# Koni bump stop



## JayL1967 (Apr 30, 2002)

Where can I pick up the bump stop (koni) ?
I know Motivational Engineering...another place?


----------



## jayrok (May 25, 2002)

I, too, have the same question. I have just bought the KYB AGX Struts for the front and rear of my '92 NX2K along with the Gen2 Springs. I have left a message with Koni asking if there are any other online sellers of the bump stops. So far no luck.  Hope somebody has some info.  Thanks


----------



## nizmo559 (Mar 4, 2003)

Hey guys I tried a lot of other places that supposviely had them but Motivational Engineering was the only no nonsense place that took care of my order request promptly. To top it off I did the order all via email.


----------



## nitestridar (Jun 29, 2002)

see if motivational will hold another GB ... the last one was $50 shipped.


----------



## motivational1 (Jul 15, 2002)

nx2krider93 said:


> see if motivational will hold another GB ... the last one was $50 shipped.


$55 shipped. Let me know if there is enough interest in them again?


----------



## B14kid (Nov 18, 2003)

How many people do u need for the group buy?


----------



## nitestridar (Jun 29, 2002)

motivational1 said:


> $55 shipped. Let me know if there is enough interest in them again?



Sorry about that I was close :cheers: .. yeah thats a great deal and I got them quick


----------



## motivational1 (Jul 15, 2002)

B14kid said:


> How many people do u need for the group buy?
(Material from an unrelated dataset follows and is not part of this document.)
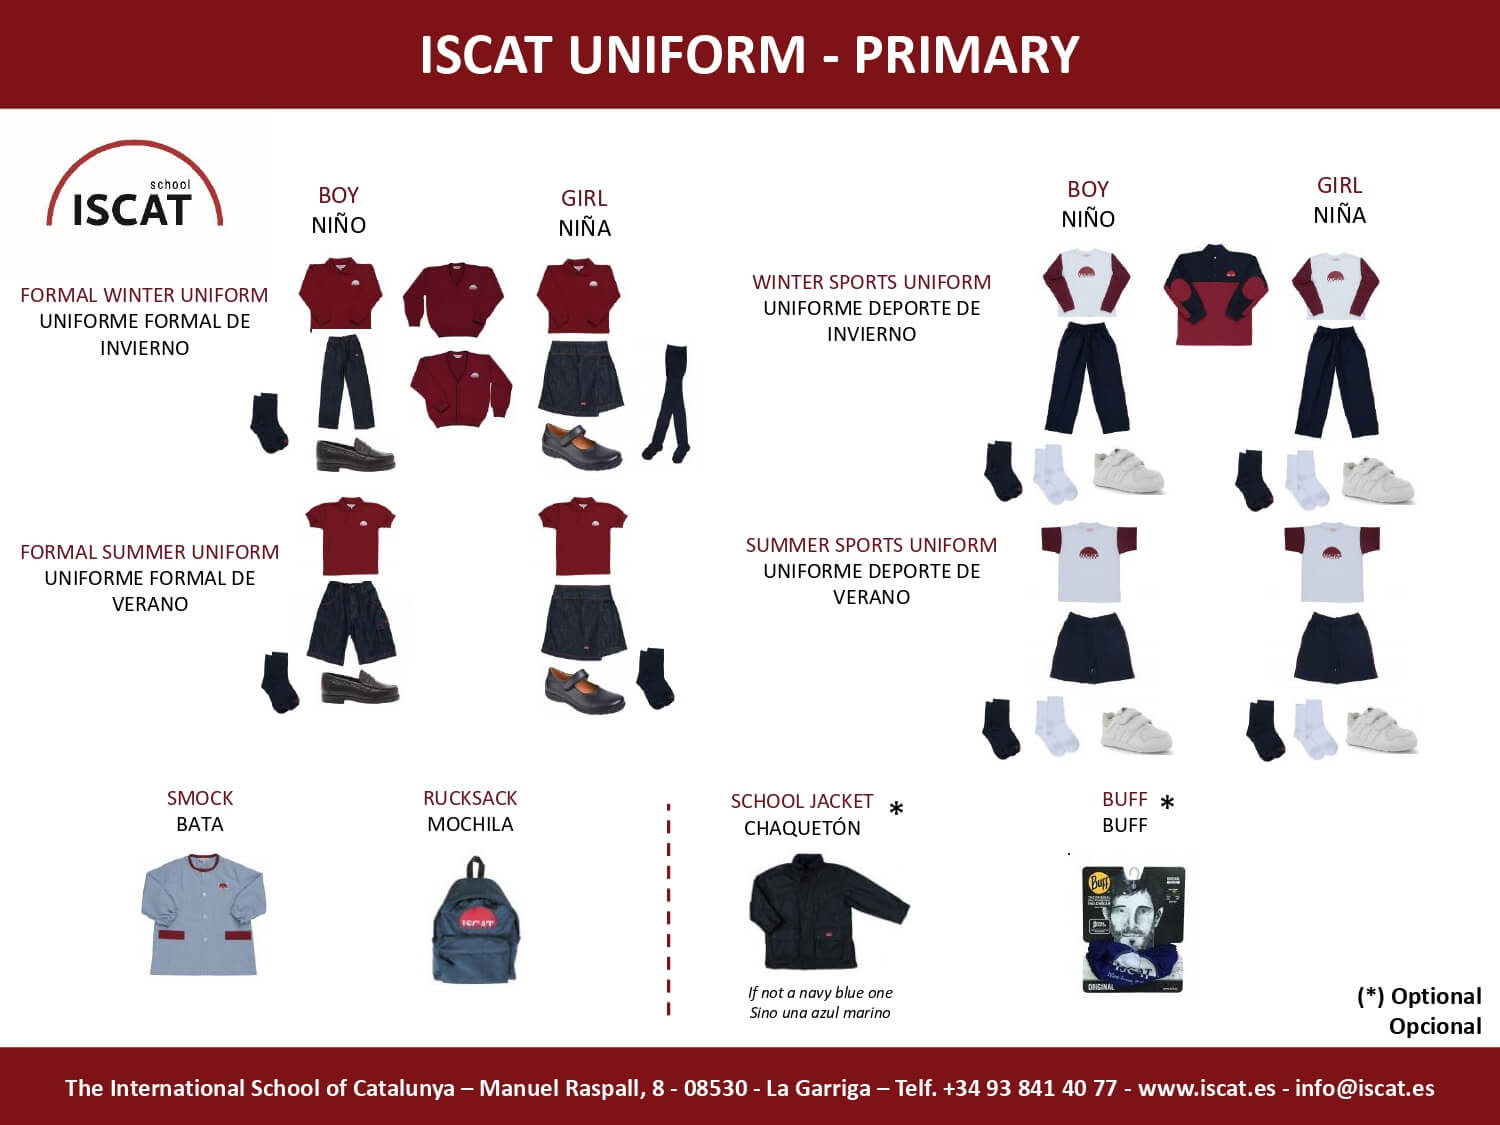 ISCAT-school-uniform-policy

For that price 15 are needed. I have them in stock.


----------



## NismoXR (May 1, 2002)

Mike(Motivational1) is the guy to see. They are worth the price too.


----------



## JayL1967 (Apr 30, 2002)

motivational1 said:


> For that price 15 are needed. I have them in stock.


I'm interested.Count me


----------



## B14GEE (Jul 10, 2003)

is it for four.. if so me and my bud need them asap....depending on how fast this goes goes through you can count him and myself in....


----------



## netsatwork (Jan 2, 2003)

I should be in too. Would it be beneficial to get these with AGX's and stock springs?


----------



## motivational1 (Jul 15, 2002)

B14GEE said:


> is it for four.. if so me and my bud need them asap....depending on how fast this goes goes through you can count him and myself in....



Yes, the price is for the set of 4.


----------